Studying the mechanisms of the brain continues to be one of the most challenging endeavors in neuroscience. Experts have reviewed different methods for live imaging and stimulation of deep brain activity. One such approach is multiphoton excitation, which uses pulsed infrared light. This light is absorbed weakly by the bones and can penetrate through the bone and deep into organs such as the brain. However, this method has its limitations in producing focused images and in precisely controlling cellular activity.

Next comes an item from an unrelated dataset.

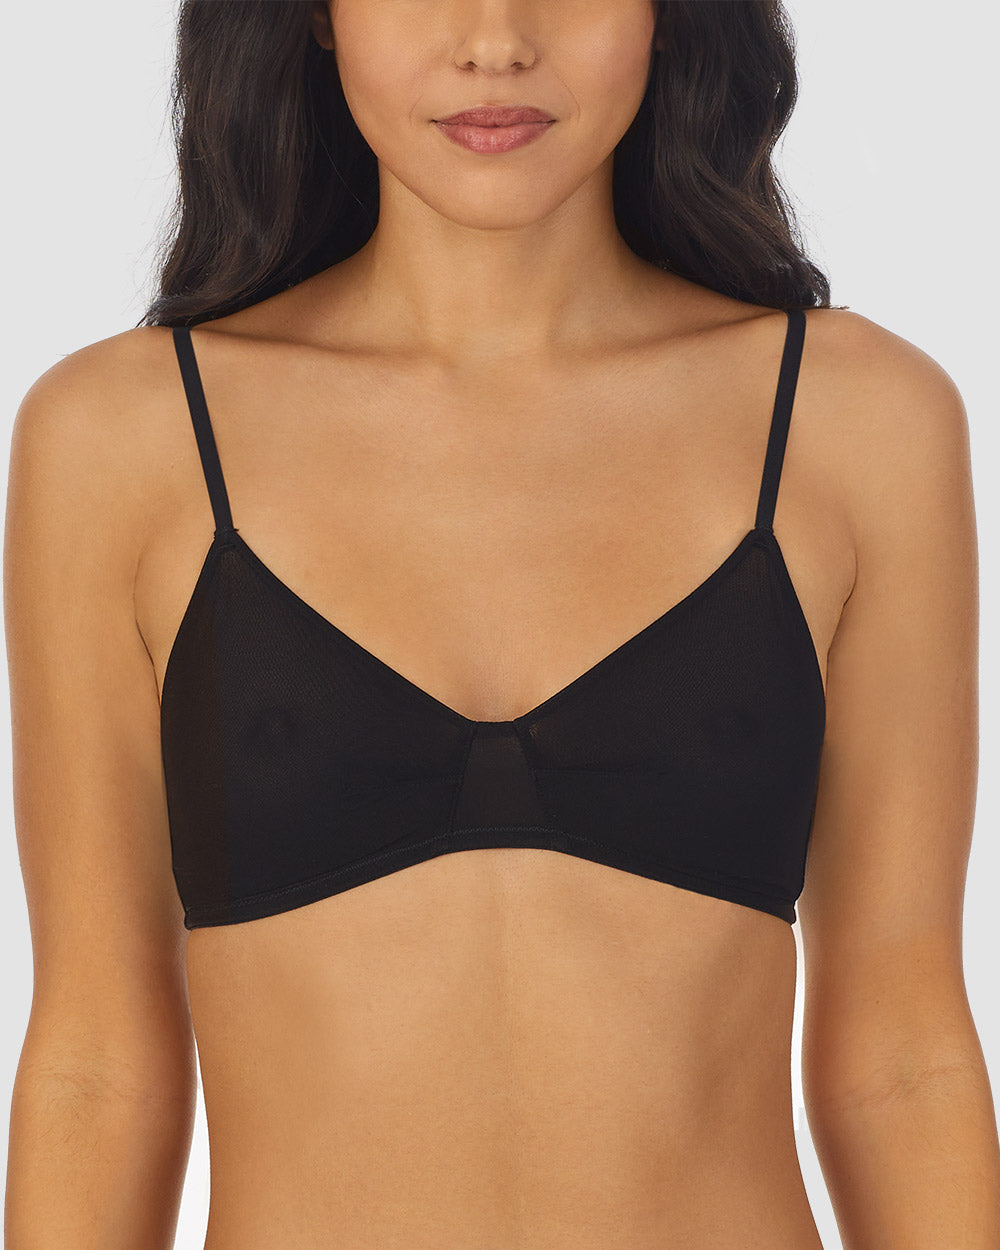 A lady wearing black Next to Nothing Bralette

Scientists explore three-photon excitation with ultrafast pulsed infrared light to address this challenge. They aim to achieve whole cortex imaging and observe neuronal activity. Yet, until now, in vivo, neuronal stimulation using three-photon excitation has not been reported.
Novel Method of Controlling Brain Activity
In groundbreaking research, experts from the Institute for Bioengineering of Catalonia (IBEC) and the Institute of Photonic Science have presented the first method for controlling brain activity in living organisms. Led by Professor Pau Gorostiza, the scientists utilized a method that uses drugs activated by three-photon excitation and mid-infrared light.
The method is also based on activating a specific receptor for acetylcholine, an important neurotransmitter involved in different brain processes like memory, attention, and learning. The experts utilized PAI, a light-responsive molecule with the lowest drug concentration and the longest photoactivation wavelength ever recorded, to achieve this.
Research findings reveal that the activity of drugs can be controlled with infrared light, according to Gorostiza. It also demonstrates that most photoswitchable ligands previously used with ultraviolet and visible light in photopharmacology are amenable to three-photon excitation that uses mid-infrared light, which is gentler on tissues.
As an infrared illumination technique, the method enables the experts to penetrate deep within the tissue using submicrometric resolutions in all three dimensions. In other words, the researchers can pinpoint the activation right at the focal point of the laser beam, illuminating it externally through the skull.
The study's results not only showcase the potential of three-photon pharmacology but also open up new horizons for fundamental research in neurobiology. Additionally, they allow the development of light-based neuromodulation therapies.
Harnessing the Power of Light
In photopharmacology, light can be harnessed to allow targeted drug action within certain body areas. This innovative method involves modifying a drug's chemical structure by adding a light-activated molecular switch. It ensures that the drug activates only when exposed to a light color.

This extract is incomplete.